One of the C3’s endearing features was the T-top roof. The design wasn’t just for aesthetics; the T-bar connected the A-pillar windshield frame to the B-pillar frame “rollbar” and provided significant structural stiffness. The initial design of the C4 had a T-bar connecting the A- and B-pillars, but with a one-piece roof panel. It wasn’t until the first prototype was built in 1981, when Chevrolet General Manager Lloyd Reuss made the decision to eliminate the T-bar to open up the cockpit. This single decision impacted the C4 design such that the biggest complaint about C4s is the tall side frame sills that make ingress and egress challenging. To compensate for the lack of the important T-bar, the side frame sills had to be made extra tall. As the years rolled by, C4s, especially the convertibles, took heat for not being as stiff as their competitors. Those two elements, plus the fact that C4 Corvettes kept getting progressively better and better, are part of the reason why C4s are today the least desirable of all Corvettes.
McLellan’s engineers had two overriding design elements; first, they wanted a lower overall height; and second, they wanted more ground clearance. McLellan’s team started placing the big pieces in a process they called “stacking.” Starting at the ground level, the engine had to be lower to improve forward visibility. Previous Corvettes had been two-part cars, a body bolted to a chassis. But the C4 was to be a three-piece car, which included a chassis, a birdcage and a body. This created a more integrated body and a stronger configuration.
The C4’s perimeter frame was built from 18 pieces of stamped and boxed high-strength steel that included the tall side sills, the front sides, the rear sides, four crossmembers and braces. All of the pieces were positioned in a jig and welded together. The birdcage section included the forward doorjambs, the dash crossmember, the A-pillar, the rear section of the floorpan and the B-pillar. The completed birdcage was then welded to the perimeter frame. An aluminized steel engine and front suspension cradle positioned the engine and provided mounting points for the front suspension. The rear section of the frame was aluminum and provided mounting points for the rear suspension and rear bumper.
Unlike the previous chassis that had the engine, transmission and suspension simply bolted to the frame, the C4 used a steel driveline support that was bolted to the rear of the transmission and connected to the differential that housed the driveshaft. By doing this, all of the components became stressed members of the chassis structure.

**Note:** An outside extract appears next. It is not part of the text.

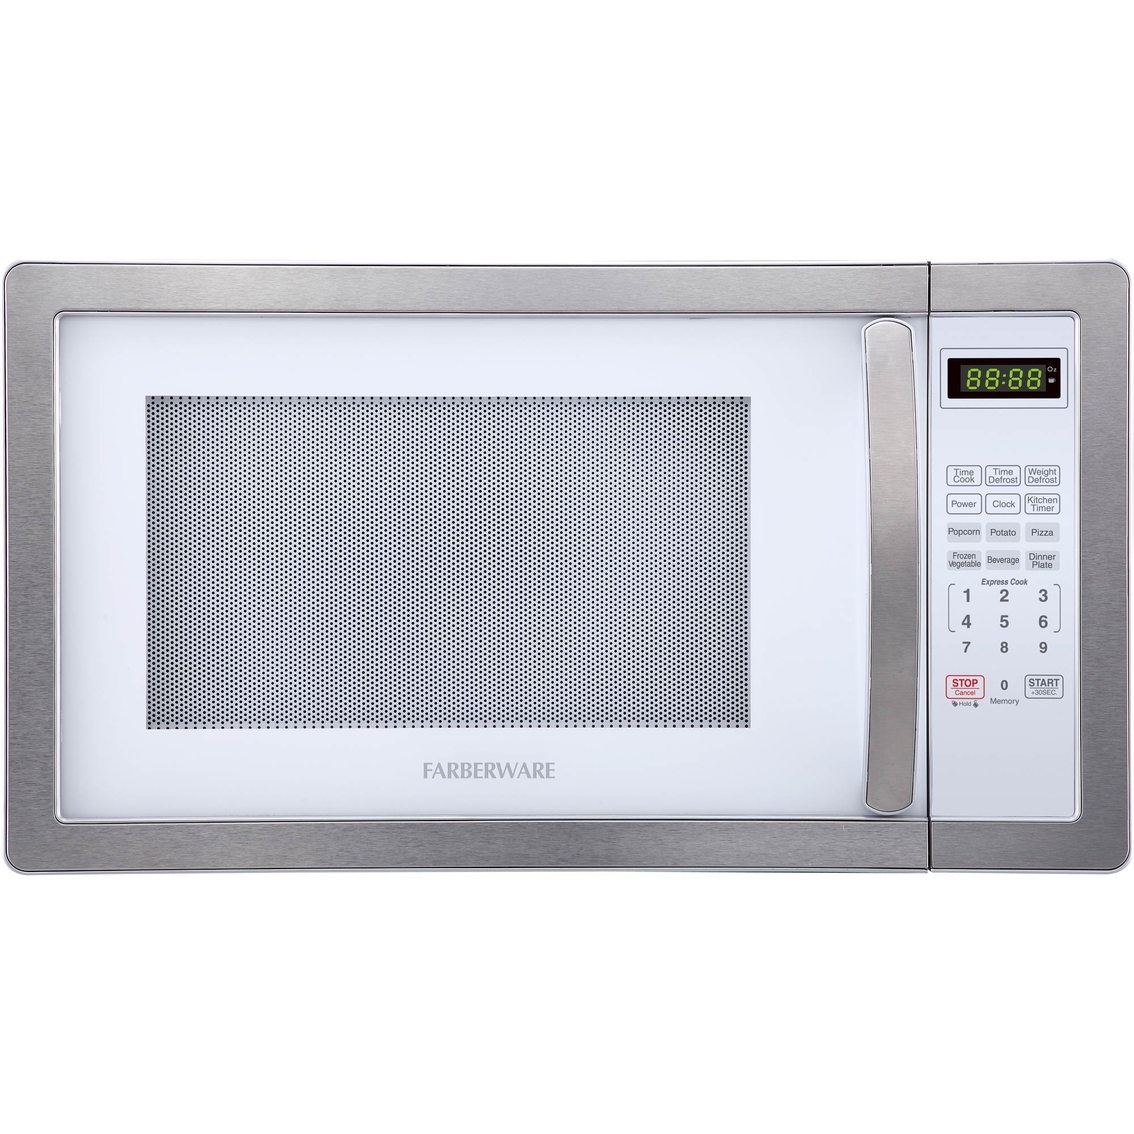 Farberware Classic 1.1 cu. ft. 1000 Watt Microwave Oven
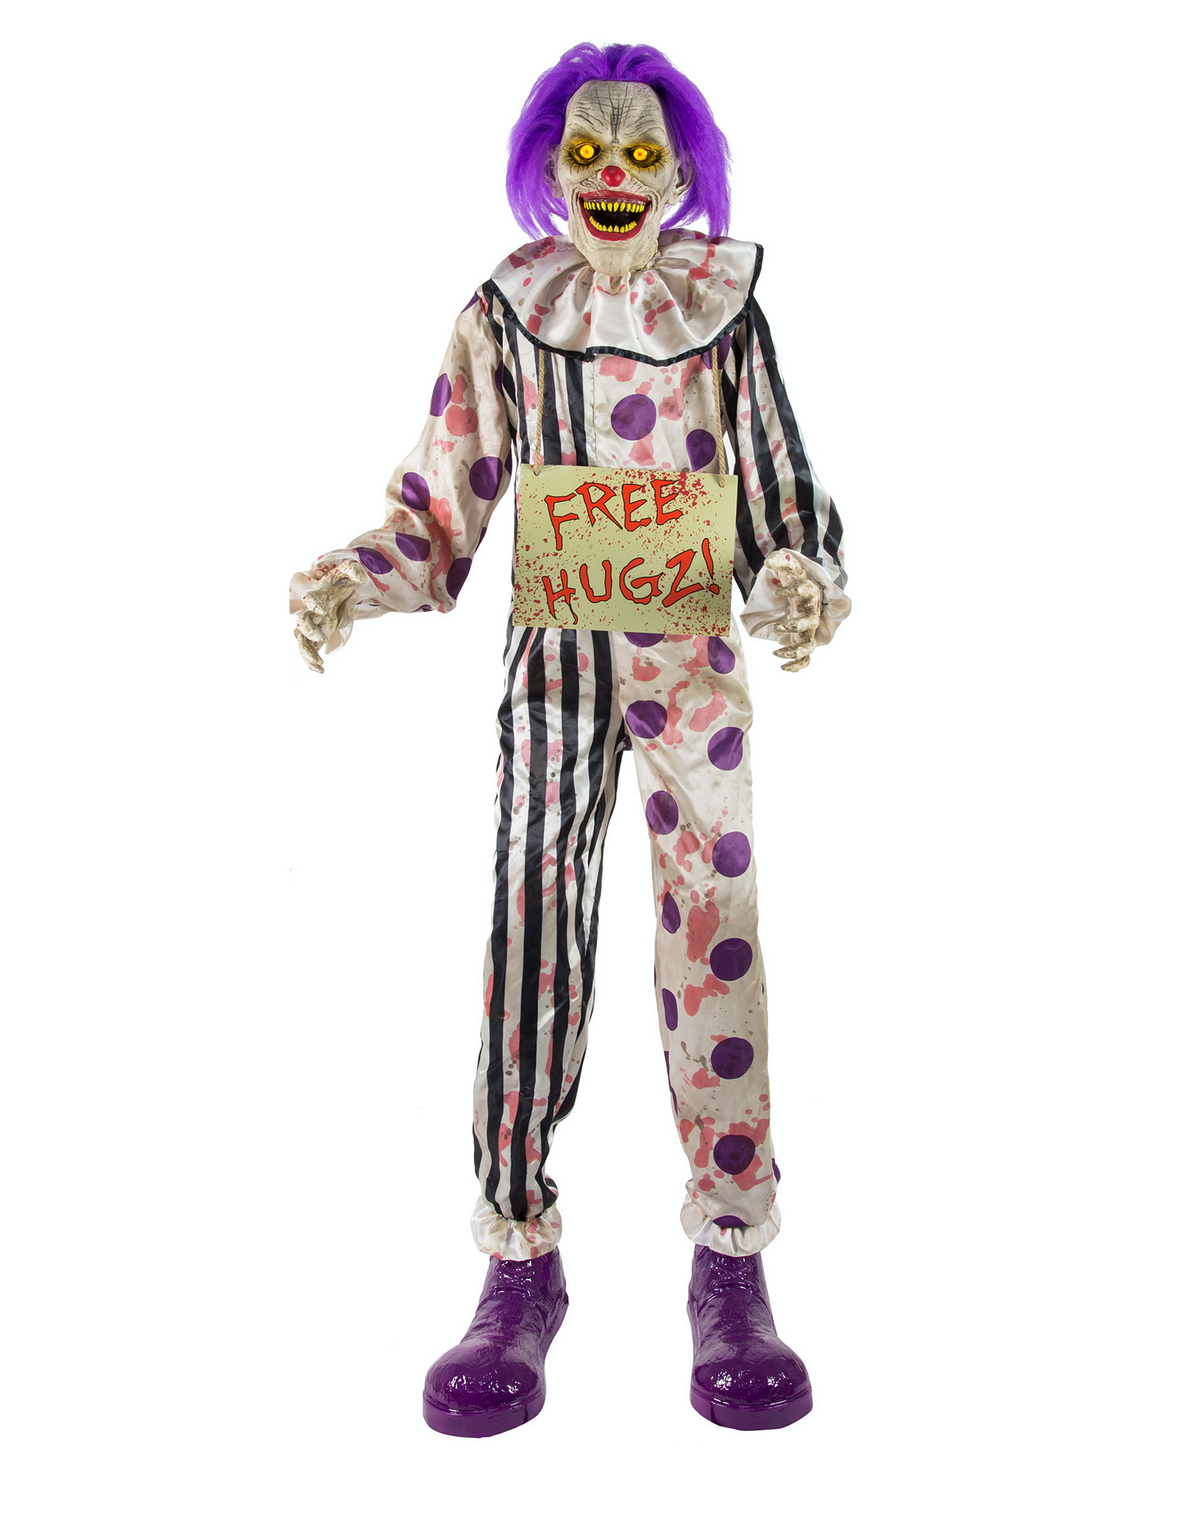 Hugz the Clown | Spirit Halloween Wikia | Fandom

Thanks to the C4 Corvette’s unique clamshell hood, Corvette owners got to see more of their front suspension than ever. Gone were the days of heavy stamped steel upper and lower A-arms. The C4’s front A-arms and spindles were slender, computer-designed forged aluminum. The C4 suspension used composite leaf springs on the front and rear suspension. Don’t let the term “leaf spring” throw you. These are computer-engineered, high-tech, lightweight suspension parts. A composite fiberglass monoleaf spring was first used in 1981.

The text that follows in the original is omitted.